The Washington State Department of Agriculture describes the agricultural industry as the “pride” and “cornerstone” of Washington State. In 2007, Washington State’s $46 billion food and agricultural industry contributed 13% to the state’s economy and employed 160,000 people (Top Crops, 2007). The crops and livestock of Washington’s 39,500 farms and ranches was valued at record high $9.40 billion 2011, up from $ 7.9 billion in 2010 (Top Crops, 2007; Knopf, 2012). The evergreen state ranks first in the U.S for production of 11 commodities including apples, sweet cherries, pears, red raspberries, and hops and more than $15 billion in food and agricultural products where exported through Washington ports in 2011 (Top Crops, 2007).
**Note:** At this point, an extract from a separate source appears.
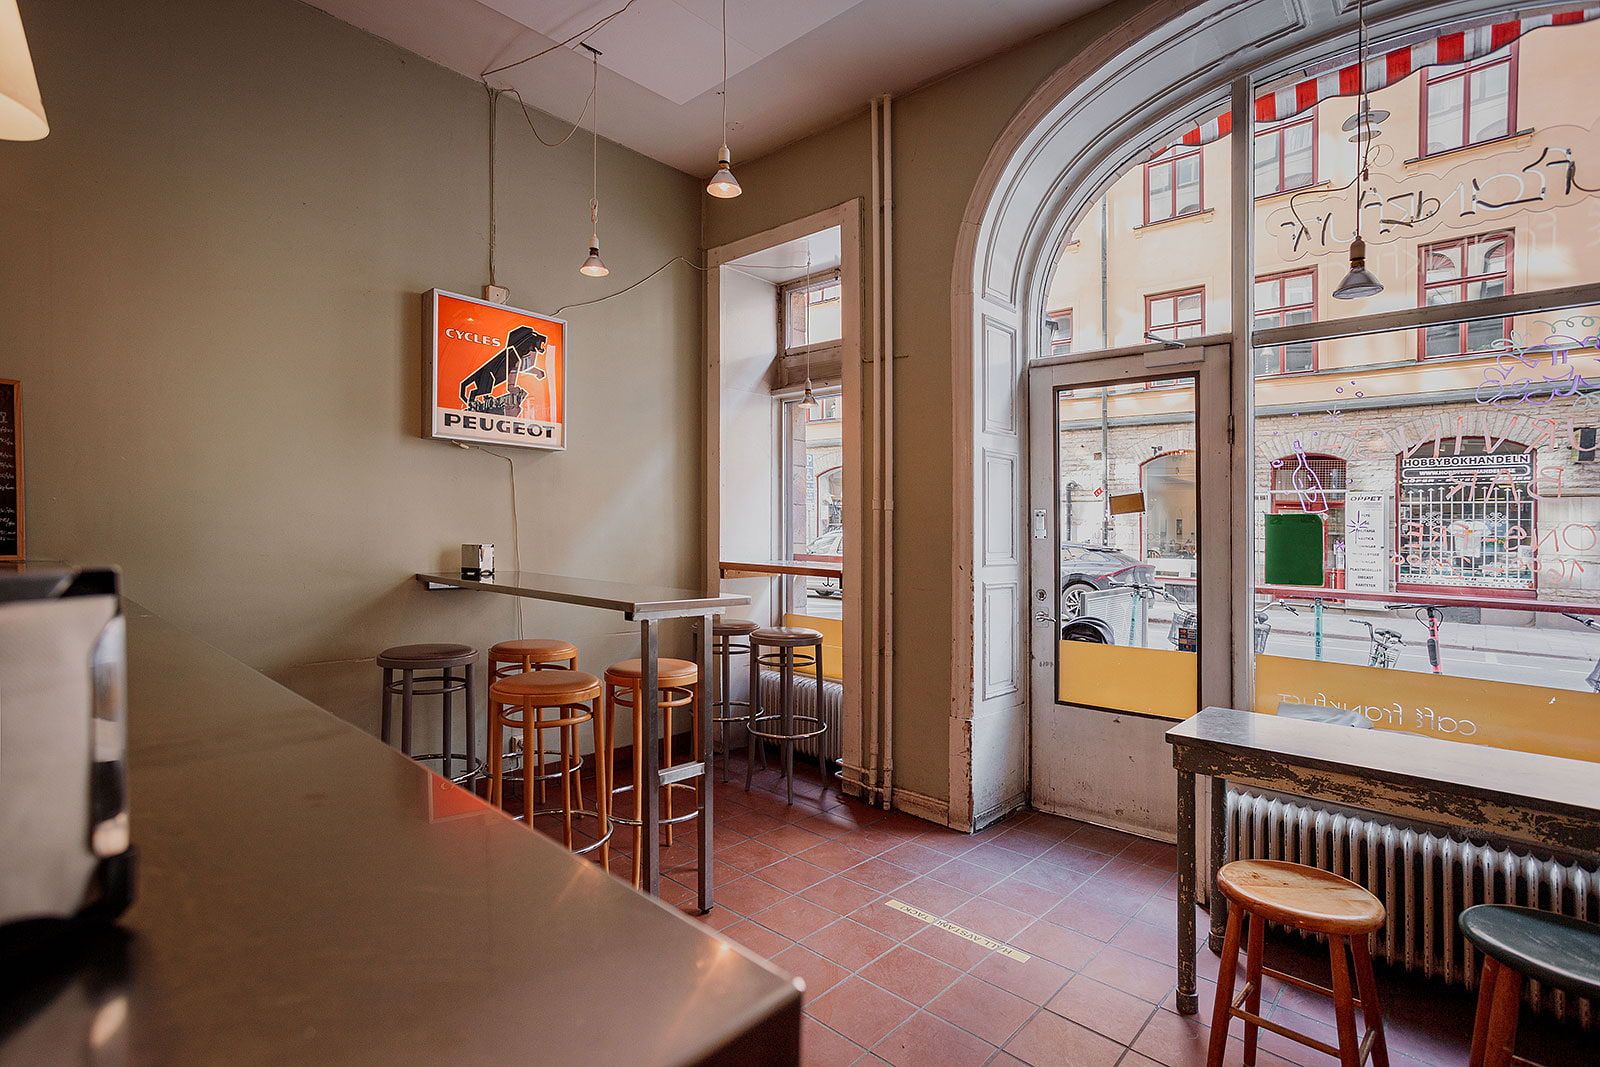 Café Frankfurt – Kungsholmens bästa restauranger

According to the 2007 Census of Agriculture, farm operators in Washington State are the second largest employers of farmworkers, employing 240,000 workers annually (Farm Labor, 2007). The Employment Security Department of Washington State reports 148,680 farmworkers (Agriculture/Farmworkers, 2011), and Larson (2000) estimated 186,976 migrant and seasonal farmworkers while Wilkerson (2005) estimated 187,000 migrant and seasonal farmworkers. The difference of the estimated number of farmworkers is likely due to how the author and/or organization defined “farmworker.” Some estimates include people who engage in field and orchard agriculture, packing and sorting procedures in food processing, horticultural specialties (including nursery operations, greenhouse activities, and crops grown under cover), and reforestation while others exclude some of those activities such as packing and sorting. Others include livestock, poultry, and fisheries while others exclude those activities. In Larson’s (2000) estimates, dependents and family members within their household did not count (p. i)
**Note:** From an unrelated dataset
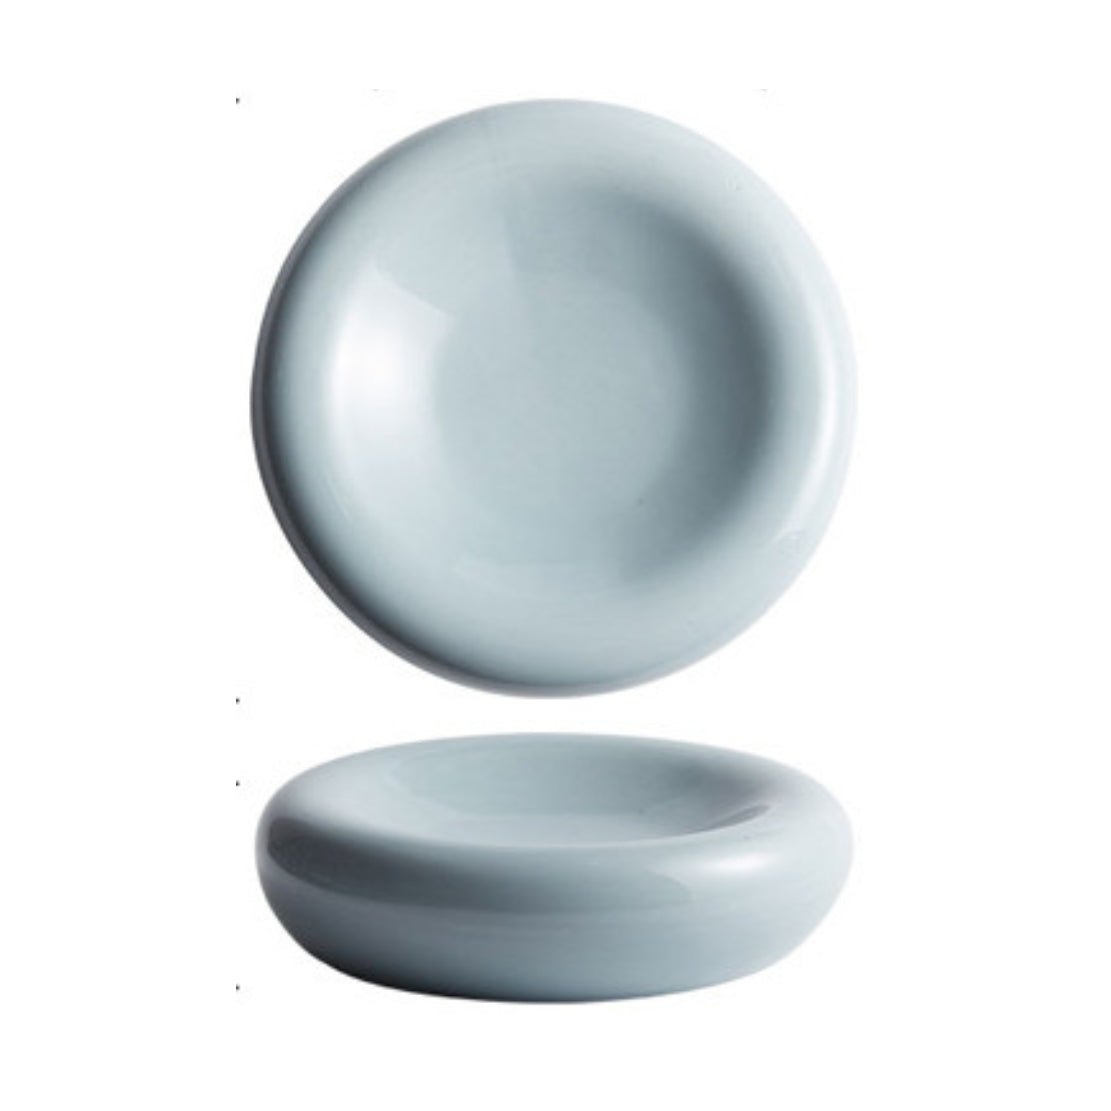 Blue, chunky ceramic orb plate

Data regarding farmworkers in Washington State was been historically scattered and fewer still provide information from the farmworker’s perspective. In an attempt to fill this gap, the Washington State Farmworkers Housing Trust conducted an extensive statewide survey, Washington State Farmworker Survey (2007), aimed at gathering data through one-one interviews from farmworkers themselves. The following data came from that study which provides a profile of farmworkers in Washington State.

Demographics, Family Composition, and Place of Residence

  • Roughly 75% are male
  • Three quarters describe themselves as living with “family” while nearly a quarter live on their own
  • The majority (91%) identify as Mexican; 4% as Mexican American, 3% as indigenous Mexican and 2% Central American
  • 94% speak Spanish in their household
  • 30% are migratory (defined as traveling over 75 miles one way from home to work)

Income

  • The average personal income for all participants was $11,848.
  • Fewer than 7% reported earning more than $20,000 last year.
  • The average household income is $17,331, roughly $3,300 below the federal poverty level for a family of four ($20,650).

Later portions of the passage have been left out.